Of course, collection on this scale and magnitude is only possible when data is centrally stored and not encrypted by the end-user. As Snowden wrote in 2013, “Know that every border you cross, every purchase you make, every call you dial, every cell phone tower you pass, friend you keep, article you write, site you visit, subject line you type, and packet you route, is in the hands of a system whose reach is unlimited but whose safeguards are not.” Snowden was writing about the NSA, but it is centralized platforms and data repositories that make this dystopian reality possible. It applies to Facebook all the same, an entity that knows no bounds on the it user data it collects and omniscience it seeks.

An Uncertain Future

Since March, criticism of Facebook has been constant and unrestrained. In September, just prior to news breaking of the massive access token and single sign-on breach, Evan Osnos wrote a scathing profile on Facebook for the New Yorker, remarking on the stark dichotomy between the acute lack of privacy on the platform and the deep need of its founder for his own privacy. “Facebook capitalized on a resource that most people hardly knew existed: the willingness of users to subsidize the company by handing over colossal amounts of personal information, for free,” wrote Osnos. It was this resource, unfettered access to and accumulation of personal data, that fueled Facebook’s rise and could potentially be its downfall.

In the wake of September’s breach, calls for action quickly came from US and European policymakers. Senator Mark Warner said in a statement that “a full investigation should be swiftly conducted and made public so that we can understand more about what happened” and that “today’s disclosure is a reminder about the dangers posed when a small number of companies like Facebook and the credit bureau Equifax are able to accumulate so much personal data about individual Americans without adequate security measures.” Online, the #DeleteFacebook campaign regained momentum and user growth has begun to stall.

Ireland’s Data Protection Commission, Europe’s top data regulator, has requested more information from the company and could potentially pursue fines up to $1.63 billion under the EU’s new General Data Protection Regulation. Under GDPR, which went into effect in May, companies are required to notify regulators of data breaches within 72 hours of being detected and can be fined up to 4% of their global revenue if they are found to have failed to safeguard user data. Facebook disclosed the breach within the 72 hour window mandated by the law, but it is unclear if they will be able to show that they adequately safeguarded user data.

EU regulators have yet to impose fines under GDPR, potentially making Facebook the first real-world use case of the data protection framework. Commentators believe it is possible that regulators will use Facebook as a standard setting case, as they look to foster strict compliance moving forward. In order for Facebook to be liable, investigators will have to establish the company was negligent when it came to the establishment and implementation of security practices.

Given that the breach also compromised third-party apps and services that use Facebook Login, there are lingering questions, and complexities, as to whether these third-parties could be liable if additional information was exposed on these platforms as well. How the European Union’s new privacy regime responds to the breach will have wide-ranging consequences both for Facebook and other companies far into the future and will most likely determine the data landscape moving forward.

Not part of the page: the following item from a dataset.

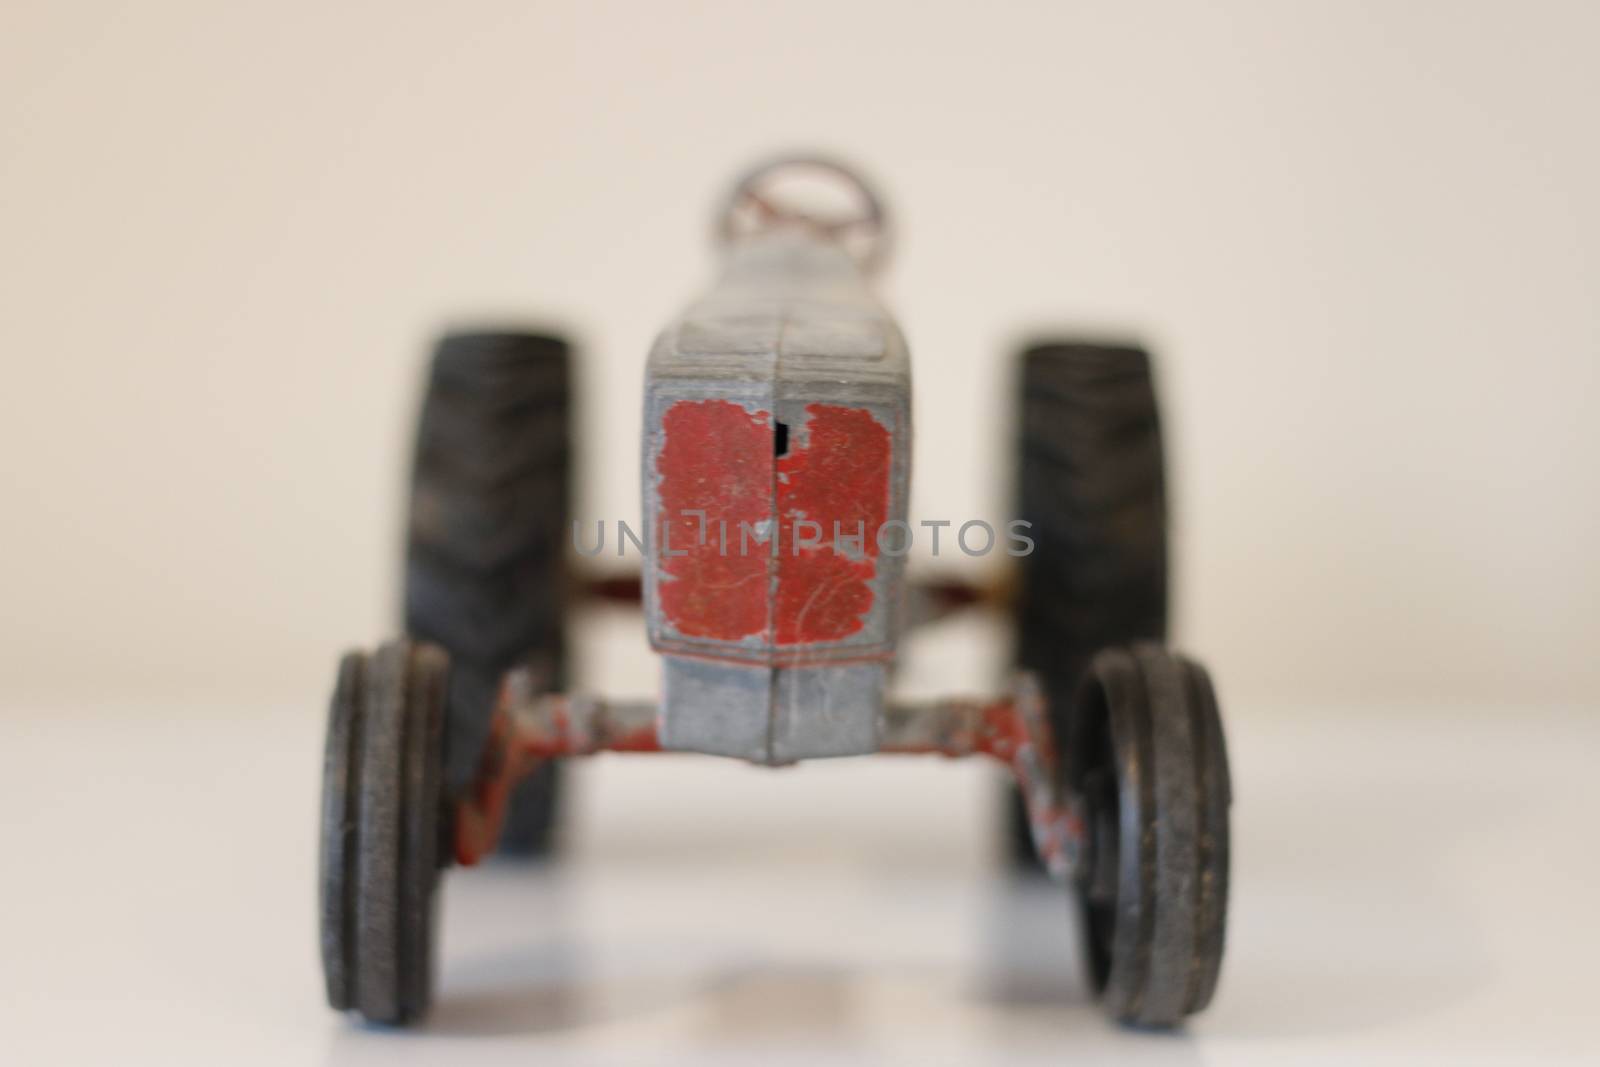 Scale model of traditional Farm Tractor by mynewturtle1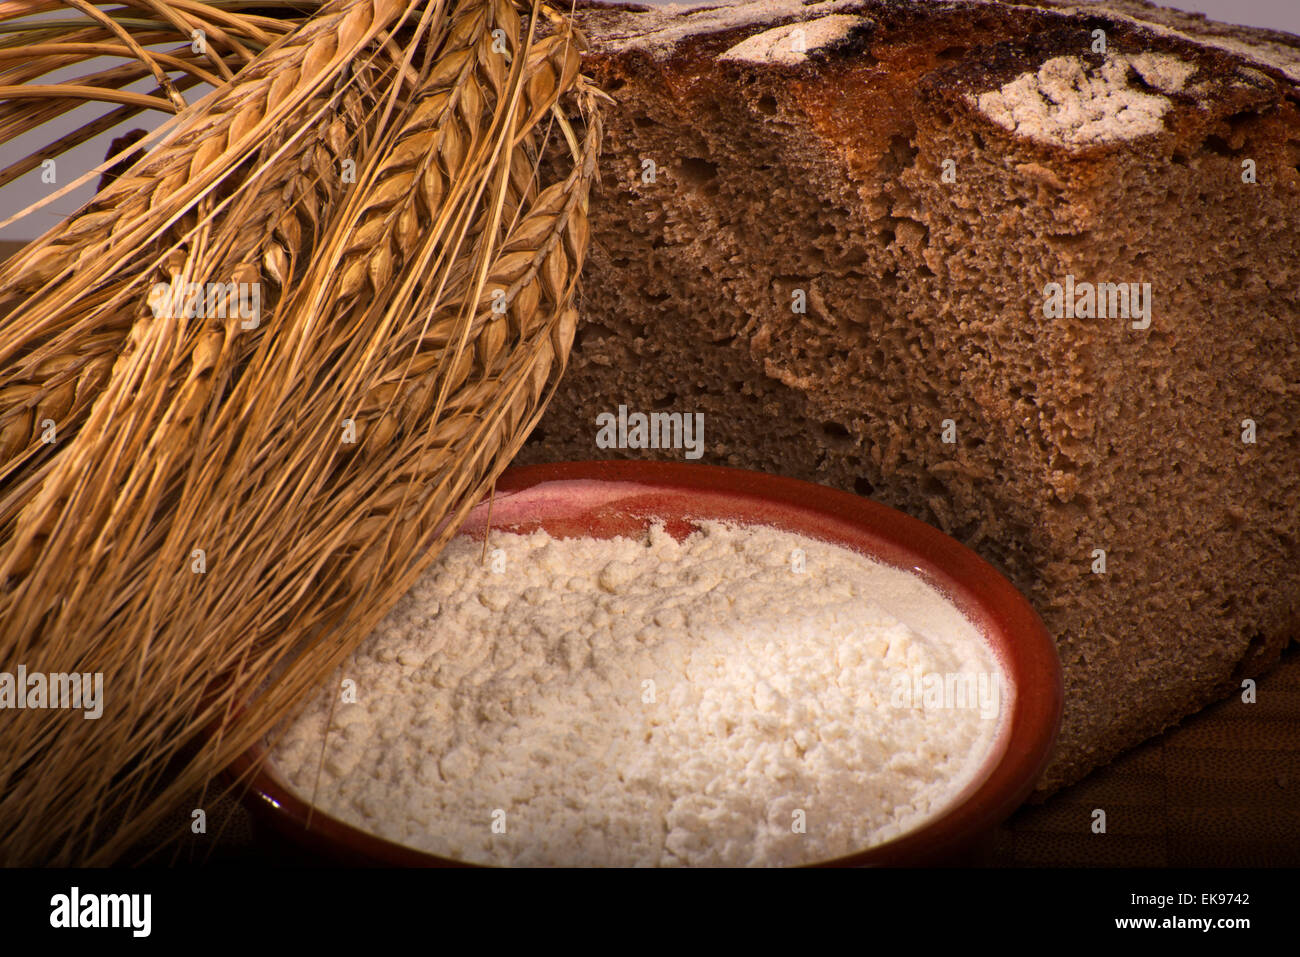 bread with cereal and farina Stock Photo

Facebook finds itself at the heart of the global debate on data privacy and security after years of sailing unperturbed by user concerns. The winds have changed, as tech giants have gone from lauded and nimble innovators akin to the pioneers of the early twentieth century in the collective consciousness, to being scrutinized as potentially harmful and unscrupulous entities that rival the size of nation-states and whose behavior holds the potential for impacting the lives and well-being of billions around the globe. As these startups have morphed into economic giants with user bases that rival the sovereign states that seek to regulate them, whose fortunes have been built on the oil wells of data, their futures rest on the concerns of consumers and policymakers and their response to them.